V2s were powered by a liquid ethanol fuel which pushed them to the edge of space (SPL)

(V2s were powered by a liquid ethanol fuel which pushed them to the edge of space)

PRECIPICE by Robert Harris

Henry Asquith and his long-suffering wife Margot. Much of the book relies on her accounts of the war and the pair's relationship

(Henry Asquith and his long-suffering wife Margot. Much of the book relies on her accounts of the war and the pair’s relationship)

There are few purveyors of historical fiction that I await with bated breath until their next novel is published.  One such author is Robert Harris.  I have spent hours reading his novels and never completed one without feeling totally satisfied.  His last novel, ACT OF OBLIVION brilliantly reimagines one of the great manhunts in English history, the search for two men involved in the killing of Charles I.  Others include CONCLAVE which presents the politics and machinations in electing a Pope; MUNICH examines the process that led to the infamous conference that provided Adolf Hitler with the Sudetenland; FATHERLAND, an alternate history with the Nazis victorious in World War II and its implications; ARCHANGEL a novel that is built around a lost diary of Joseph Stalin; ENIGMA, the reader is transported to 1943 as the allies try to break the German code as u boats wreak havoc in the Atlantic; V2 focuses on the German missile campaign during World War II; AN  OFFICER AND A SPY recreates the Dreyfus Affair as a Jewish officer is accused of selling war secrets to the Germans in the 1890s; THE SECOND SLEEP, a book whose power lies in its between-the-lines warning that our embrace of the internet represents some kind of sleepwalk into oblivion; THE GHOST WRITER, a thriller of power politics, corruption and murder involving the memoirs of a former British Prime Minister; finally there are Harris’ exquisite novels that are referred to as THE CICERO TRILOGY: IMPERIUMLUSTRUM/CONSPIRATADICTATOR tracking the orator’s rise and fall, and the stand alone thriller POMPEII set during the Vesuvius eruption. 

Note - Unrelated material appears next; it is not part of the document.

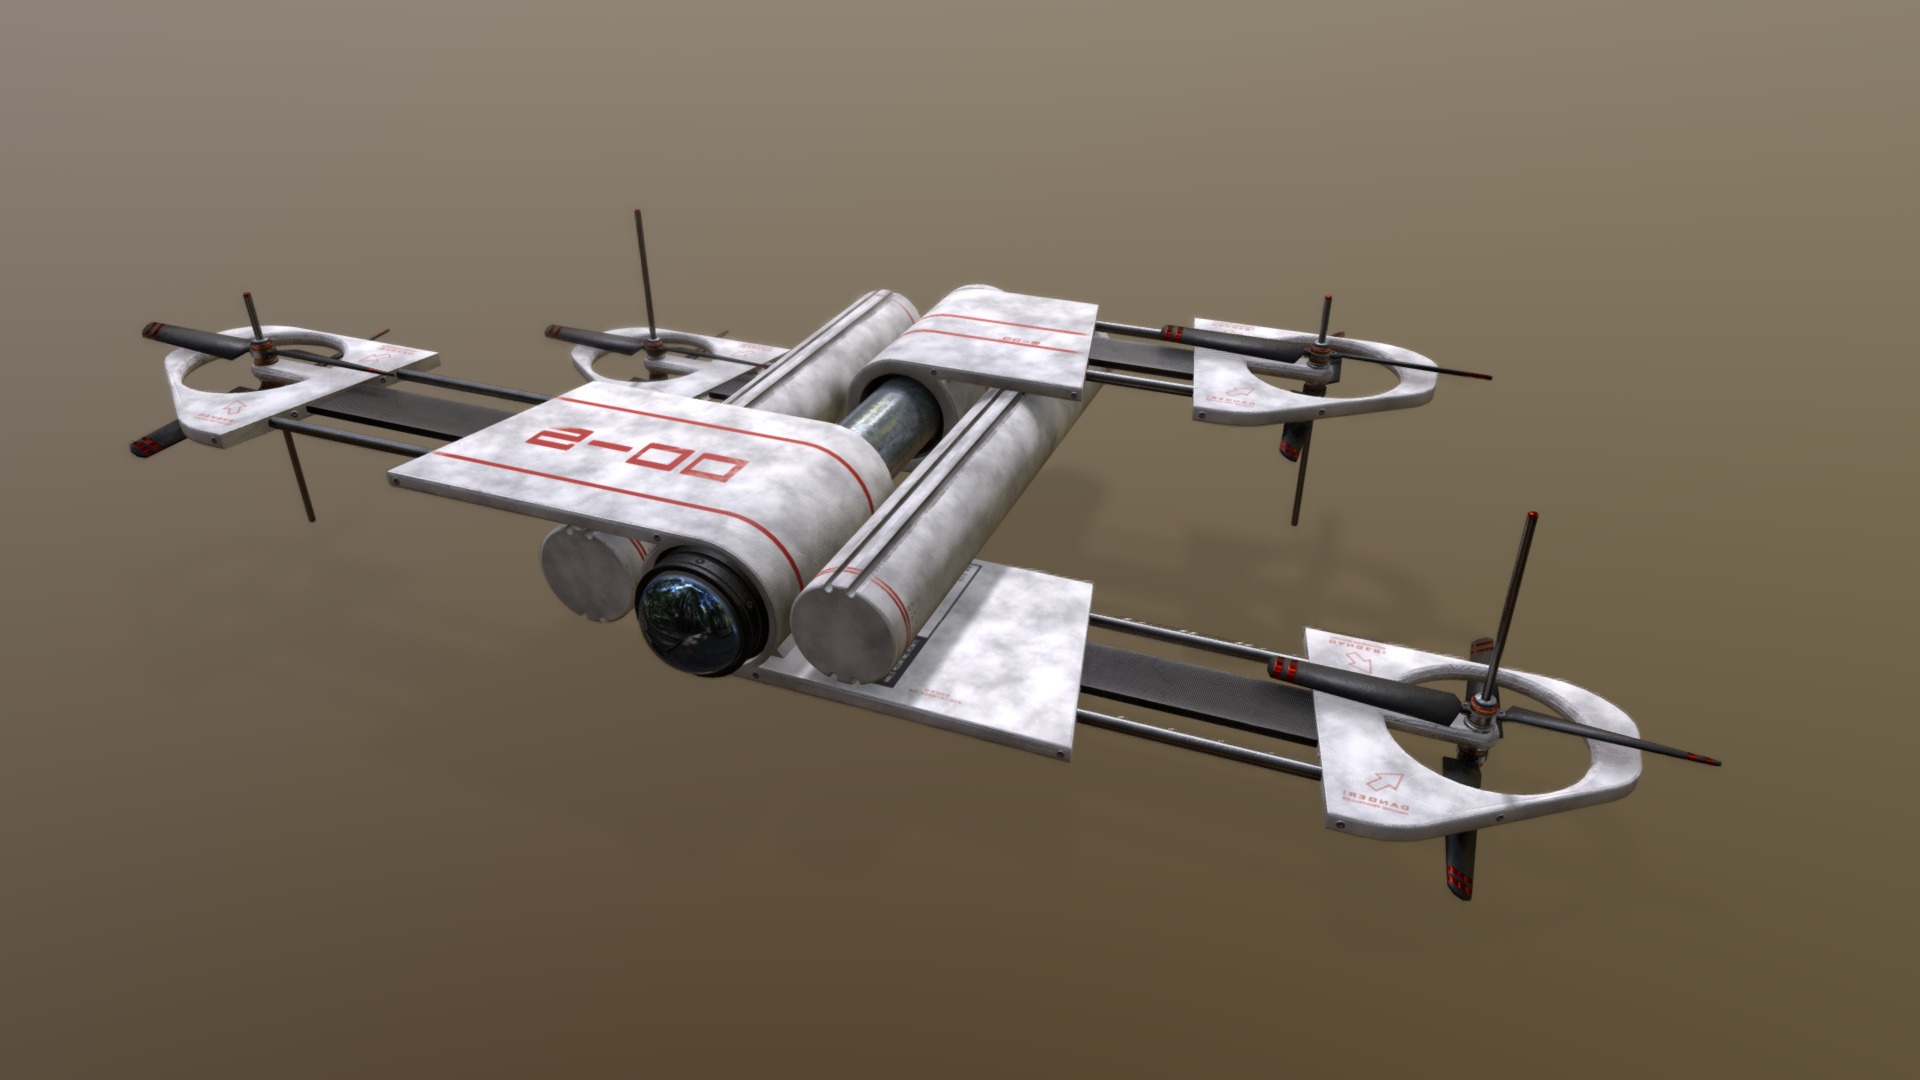 3D model Extending Drone Model 02 - This is a 3D model of the Extending Drone Model 02. The 3D model is about a drone with a paper attached.

In his latest novel, PRECIPICE, like much of Harris’ work is based on historical fact, is set in the summer of 1914 as England and the rest of Europe are moving closer and closer to war.  The novel takes place over less than a year – from July 1914 to May 1915 and involves a twenty-six year old woman, Venitia Stanley, a clever and reckless person who belongs to upper-class bohemians and socialites called “the Coterie.”  In addition, she is having an affair with a man twice her age, English Prime Minister H. H. Asquith.  After World War I finally commenced we learn that Scotland Yard suspects the leak of top-secret documents and assigns an intelligence officer to investigate.  In constructing the novel Harris was given access to an archive of letters, telegrams and official documents in the possession of the Bonham-Carter family.  Employing these documents Harris has created a brilliant storyline about a secret love affair.

The Prime Minister, Henry Asquith, was secretly madly in love with a woman less than half his age, Venetia Stanley

(The Prime Minister, Henry Asquith, was secretly madly in love with a woman less than half his age, Venetia Stanley)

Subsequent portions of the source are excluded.